Exercise details – Restate the listing below word for word. No picture belongs in the result.

Collected data –

+===+

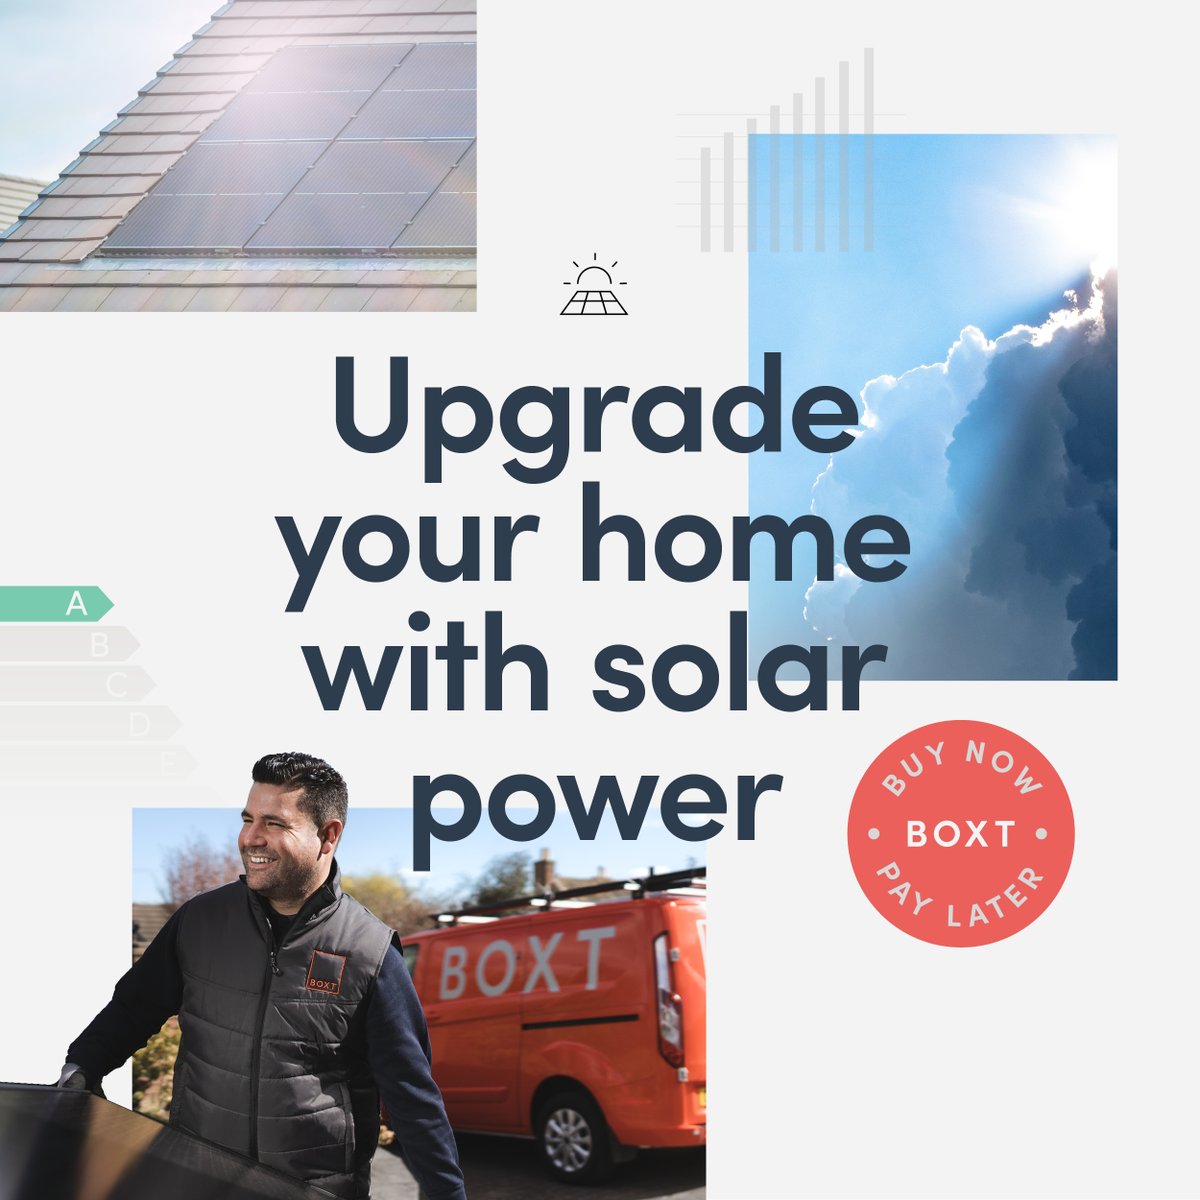 Looking to upgrade your home? With solar panels you’re benefiting from green energy sources, saving up to £1,180 a year* (when combined with battery storage) and adding value to your home. BOXT offer flexible ways to pay and installation in as little as two weeks. *T&Cs apply.
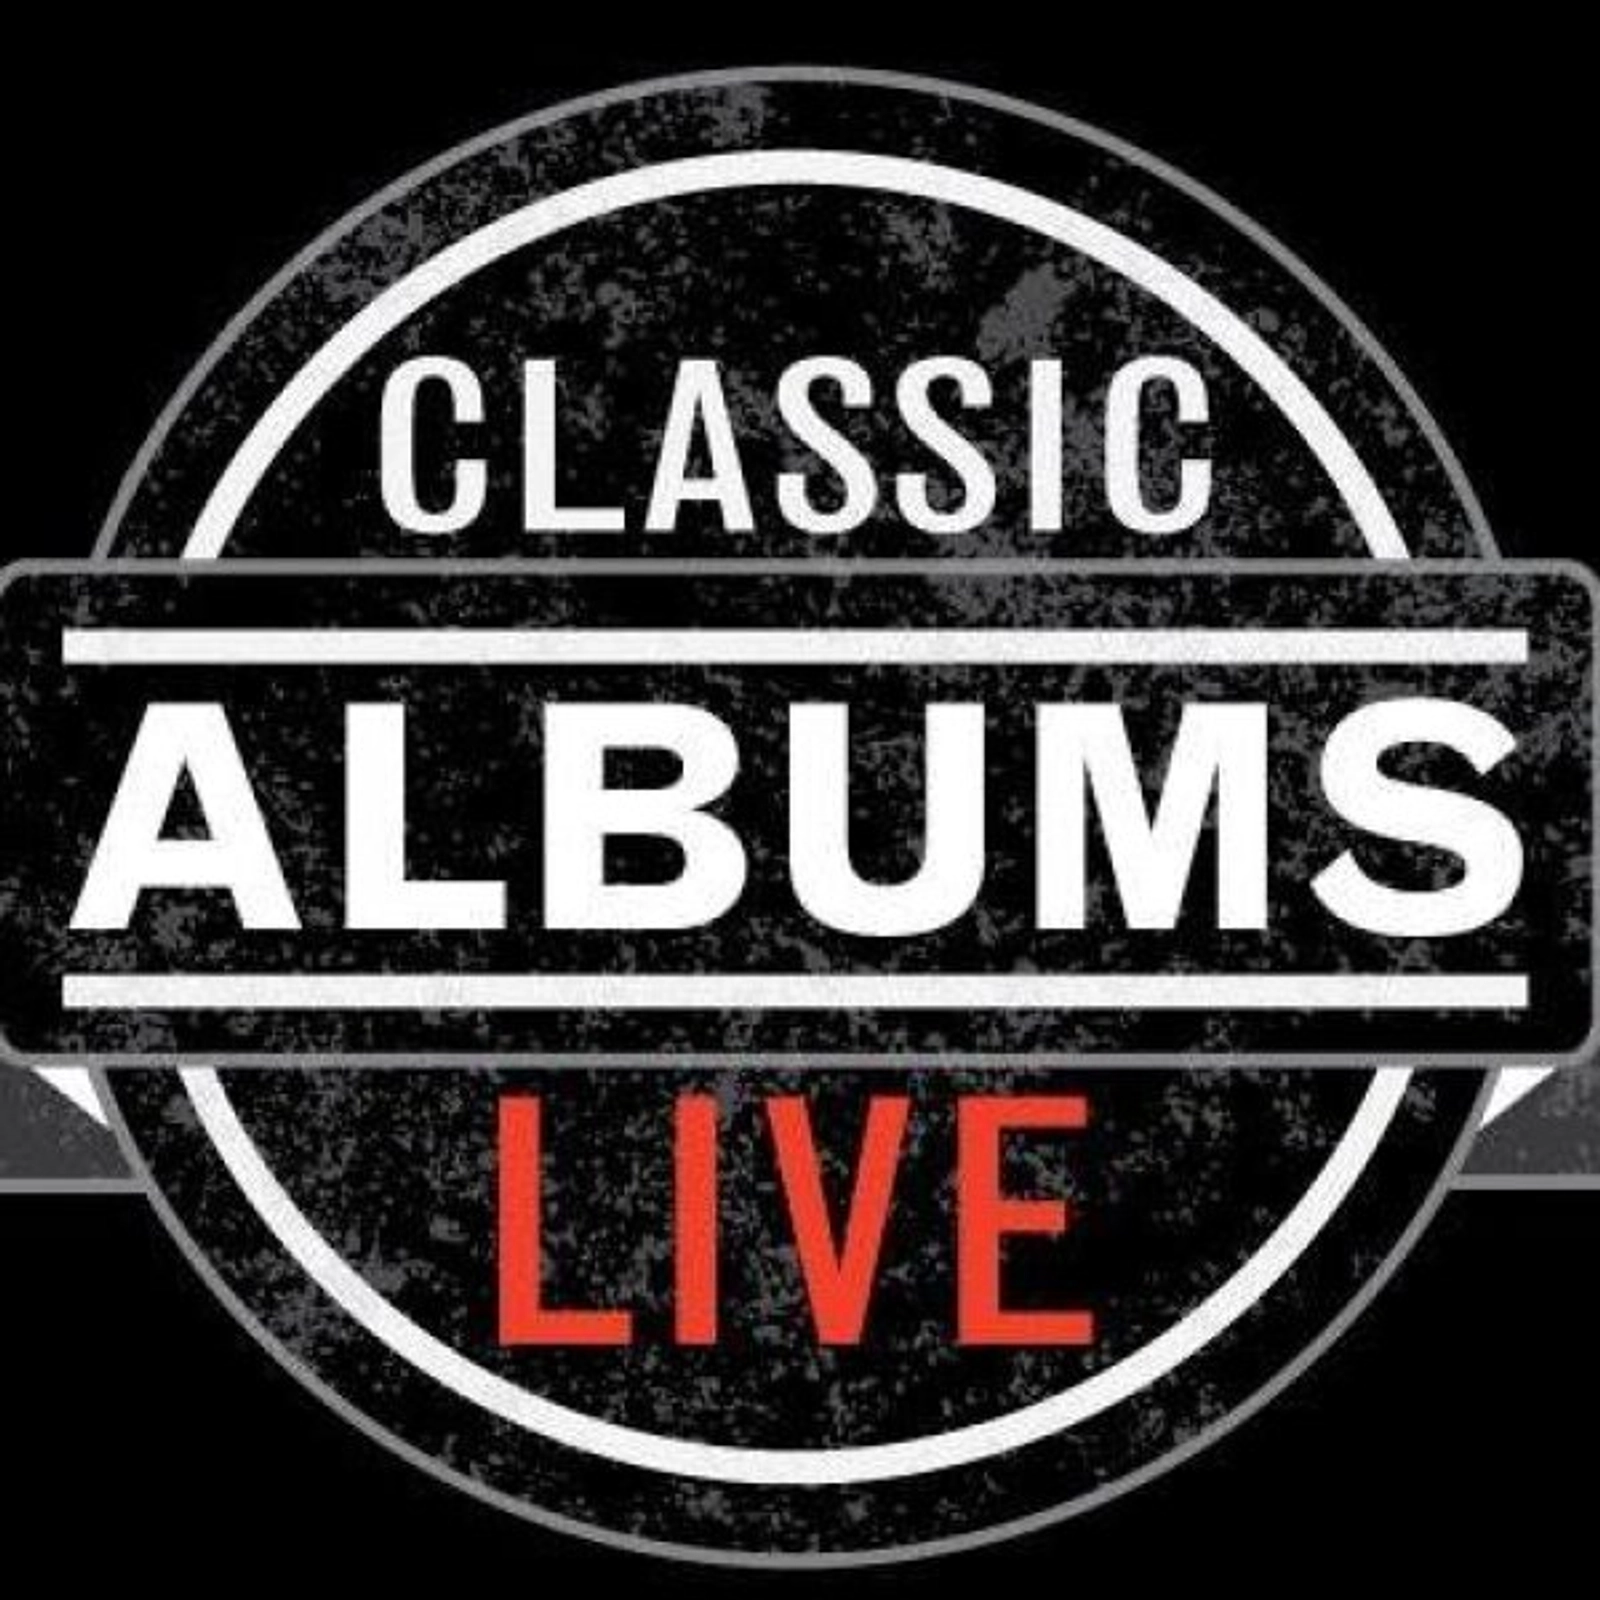   Tickets to Classic Albums Live: The Rolling Stones "Let It Bleed" at Hard Rock Live on 7/27!   - Thumbnail Image
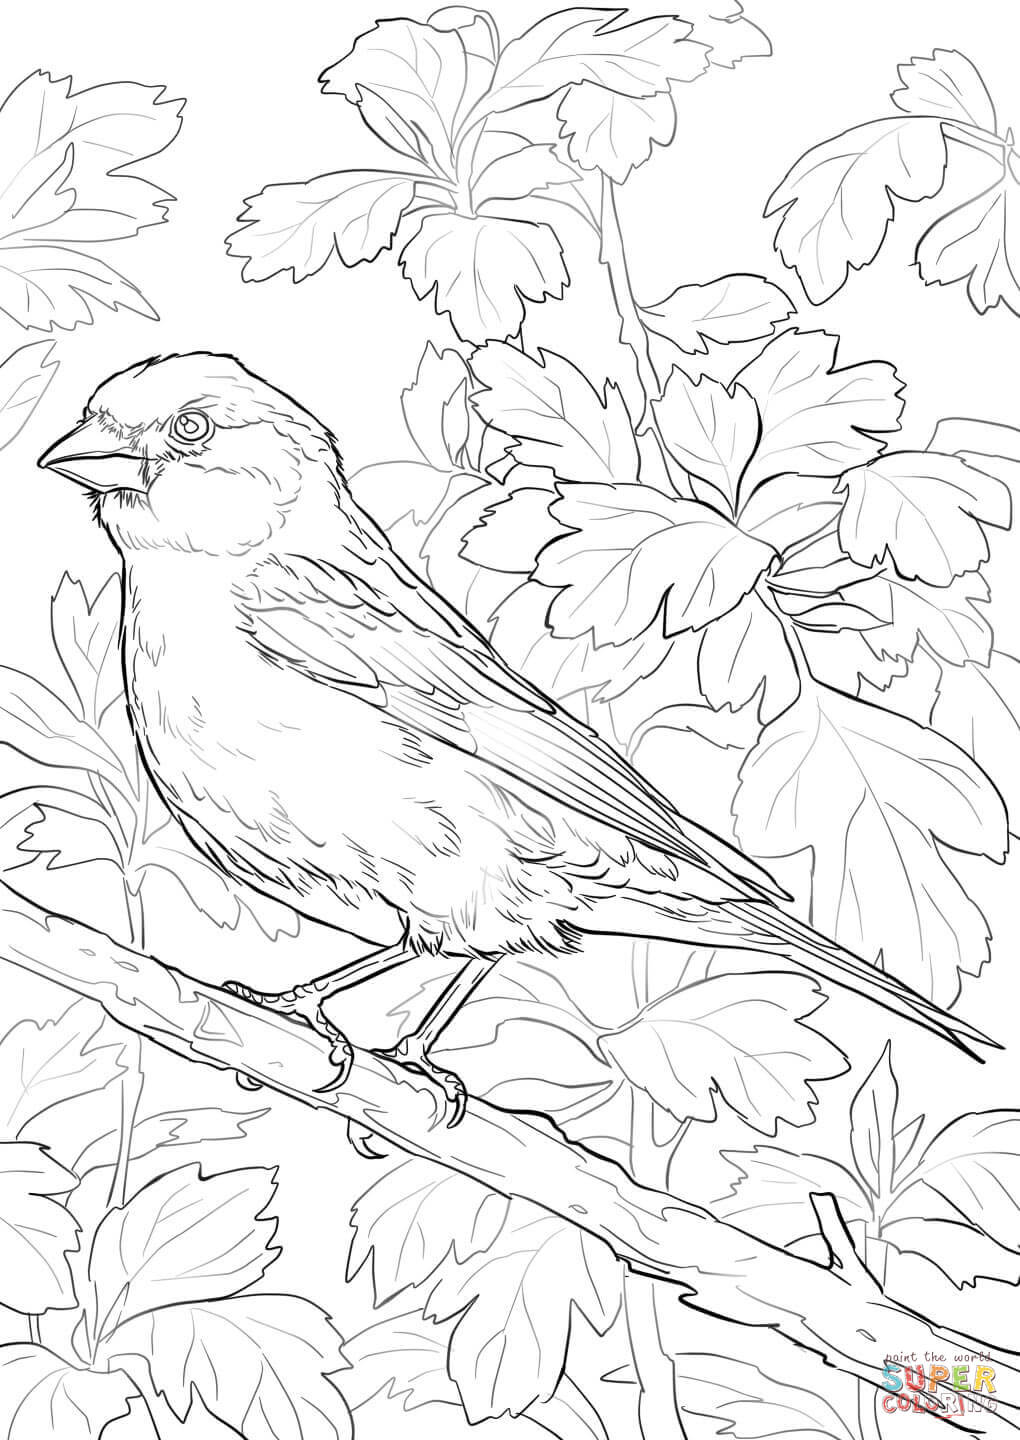 Purple finch coloring page free printable coloring pages

+===+

Answer space –
 Looking to upgrade your home? With solar panels you’re benefiting from green energy sources, saving up to £1,180 a year* (when combined with battery storage) and adding value to your home. BOXT offer flexible ways to pay and installation in as little as two weeks. *T&Cs apply.
   Tickets to Classic Albums Live: The Rolling Stones "Let It Bleed" at Hard Rock Live on 7/27!   - Thumbnail Image
 Purple finch coloring page free printable coloring pages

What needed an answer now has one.